Her pursuit of pleasure had the same driven quality (getting high as singing as fucking as liberation): A refusal to admit of any limits that would not finally yield to the virtue of persistence—try just a little bit harder. This was a war against limits.

Janis Joplin was Norman Mailer’s “white Negro:” struggling to break through inhibitions, seeking to destroy her middle-class character—that she experienced as limiting, confining, insufficiently soulful. Like Mailer, she used drugs and sex as vehicles toward liberation. Unlike Mailer, music was the core experience she used to break out of her shell.

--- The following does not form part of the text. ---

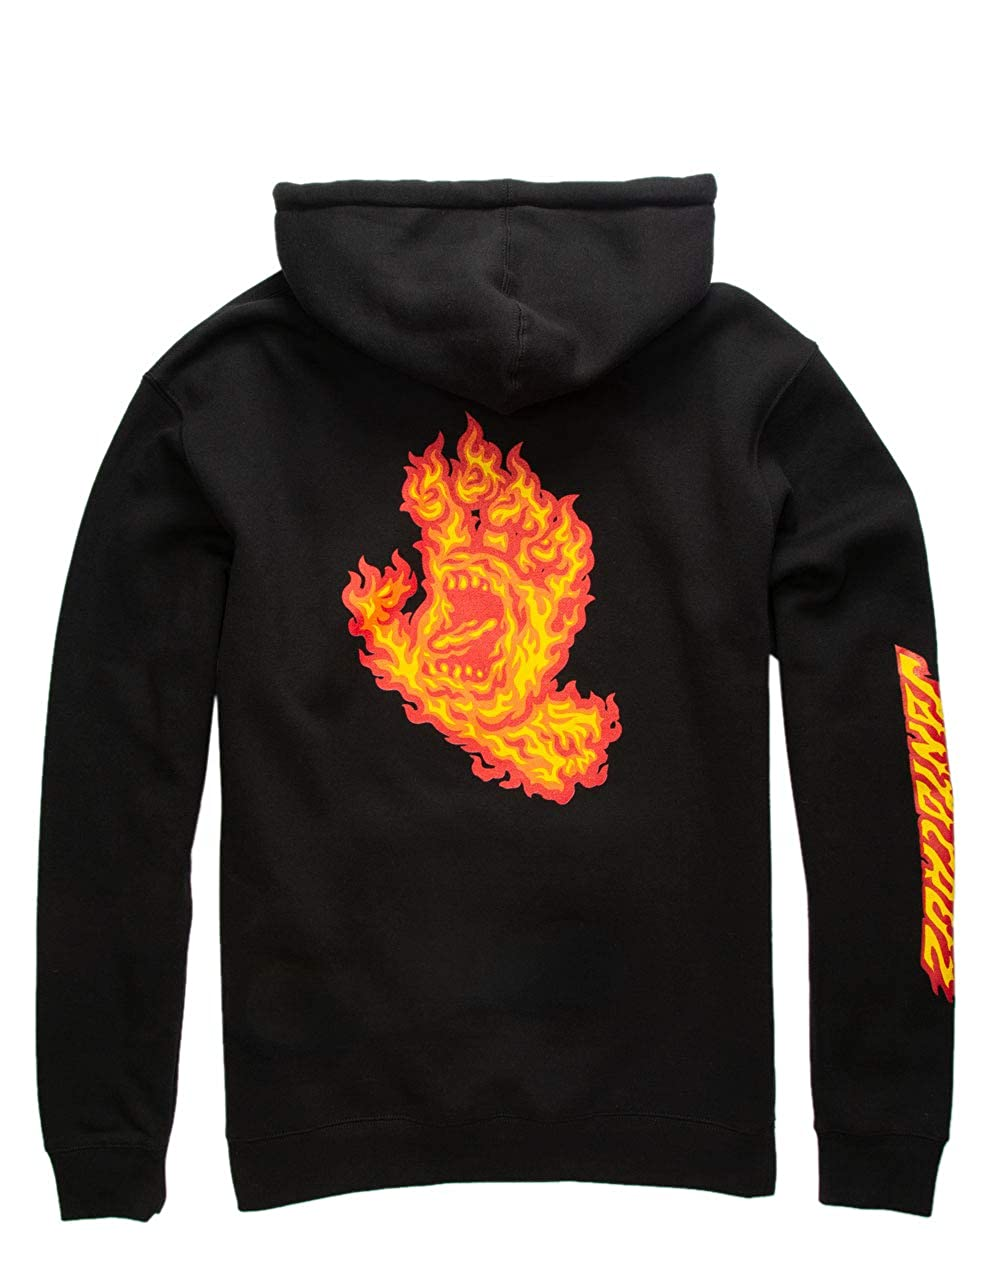 XL Black Santa Cruz Flame Hand Hoodie

Commonly in the Sixties, people sought release—to get high—through a combination of music and drugs (typically, marijuana). Drugs broke down ego-barriers so that music could enter more deeply into the mind. Crystallizing this dynamic was “Light My Fire,” sung as a rocking version by the Doors (1967), and later in a mellower mode by Jose Feliciano (1968):

You know that it would be untrue.
You know that I would be a liar.
If I was to say to you, girl we couldn’t get much higher.
C’mon baby light my fire. C’mon baby light my fire.
Try to set the night on fire.

Was the fire up above (the marijuana joint), or down below? The “fire” of this song differs substantially from Jerry Lee Lewis’s “Great Ball of Fire.” The latter was a burst of energy—a two-and-one-half minute conflagration lighting up the cool world of the Fifties. “Light my Fire” was a much longer song, suggesting a steady, persisting flame. The fire of rock ‘n’ roll has stabilized—become part of the world.